Saturn as it might look through a large telescope, image by Kenneth Crawford and Michael A. Mayda

Saturn is coming to opposition this month (10 May) meaning it shines in the sky all night long throughout the month. A small telescope (even a pair of binoculars on a tripod) will show Saturn’s beautiful rings and one of its moons.

Mars is even brighter than Saturn, shining a soft orange colour in the constellation of Virgo, near the bright star Spica.

Jupiter is still an evening object although it sets in the west around 1am.

There’s the possibility of a spectacular new meteor shower on 23/34 May as the Earth passes through the dust trail of comet 209P/Linear.

And May sees the start of the noctilucent cloud season, where these elusive high-altitude begin to shine in deep twilight.

Full moon this month is on 14 May, when the Moon will sit near Saturn.

Noctilucent Clouds

May 22, 2012 3 comments

It’s Noctilucent Cloud season here in the northern hemisphere. These rare clouds – the name means “night-shining” – only appear in the sky at specific times of night and times of year, and the next three months (mid-May till mid-August) are the best time for northern stargazers to spot them (southern stargazers get a chance between mid-November and mid-February).

These high thin clouds are seen in deep twilight, and as the name suggests they look lit up, as indeed they are. When the Sun is between 6 and 16° below the horizon, that is during nautical twilight and much of astronomical twilight, its light can still shine on these high clouds, floating 80km up in the atmosphere.
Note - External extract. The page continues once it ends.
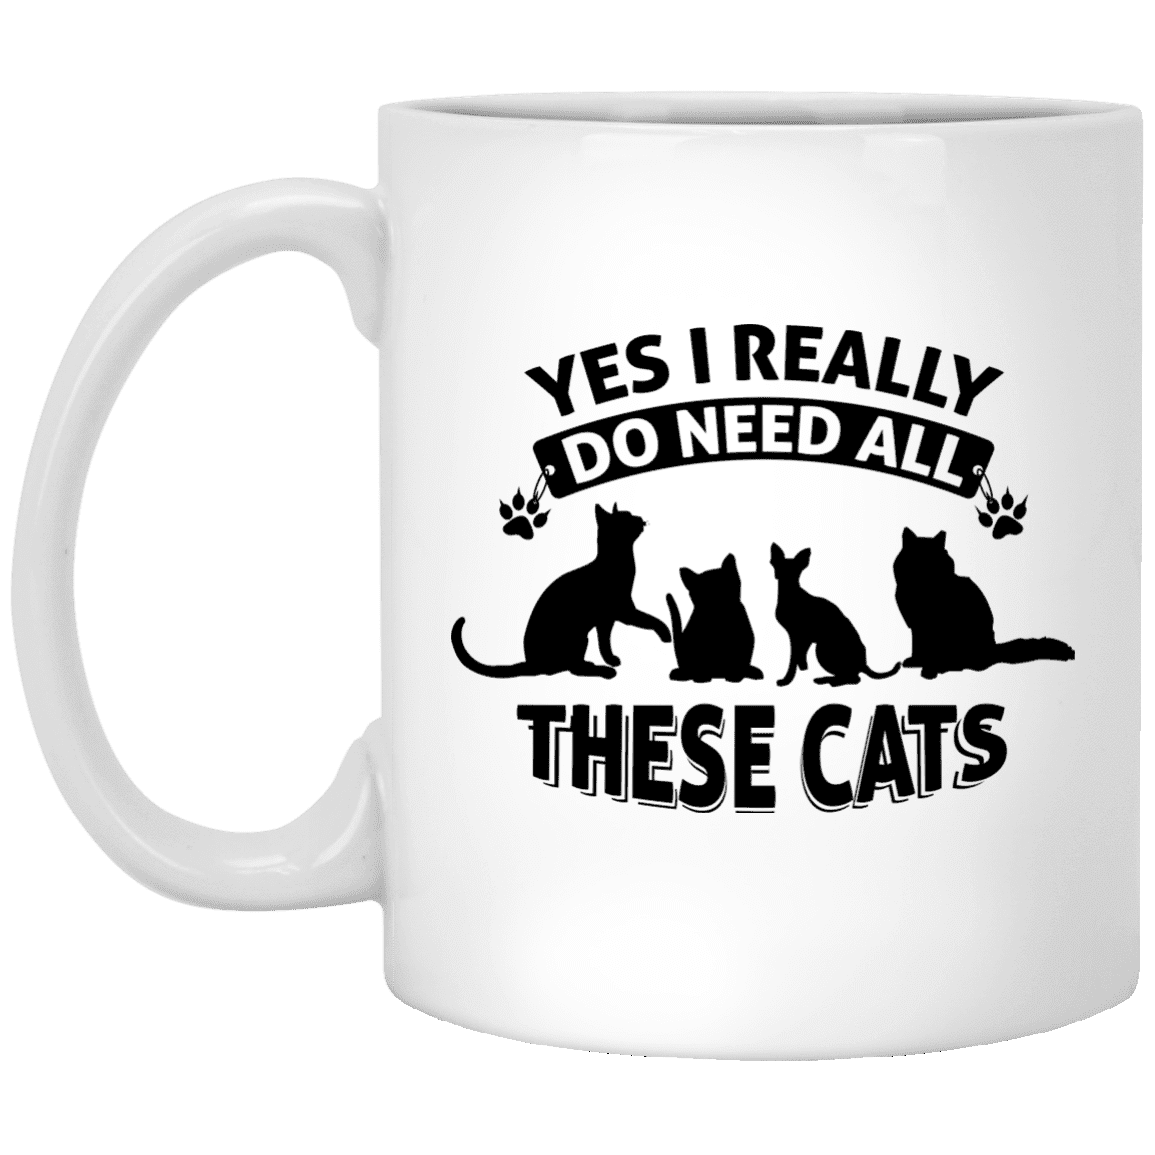 Yes I Need All These Cats - Mugs.

Check out your twilight times and head outside on a clear night to try and spot them.

In addition to these restrictions in time only stargazers between 50° and 65°N can see them. That’s most all of the UK, so we’re ideally placed for hunting NLCs.

No one’s quite sure why they form, and indeed they weren’t seen (or at least weren’t reported) before 1885, and so there is some suggestion that they’re linked with man-made climate change. Whatever the case they are beautiful clouds to see, so take the chance over the next few months.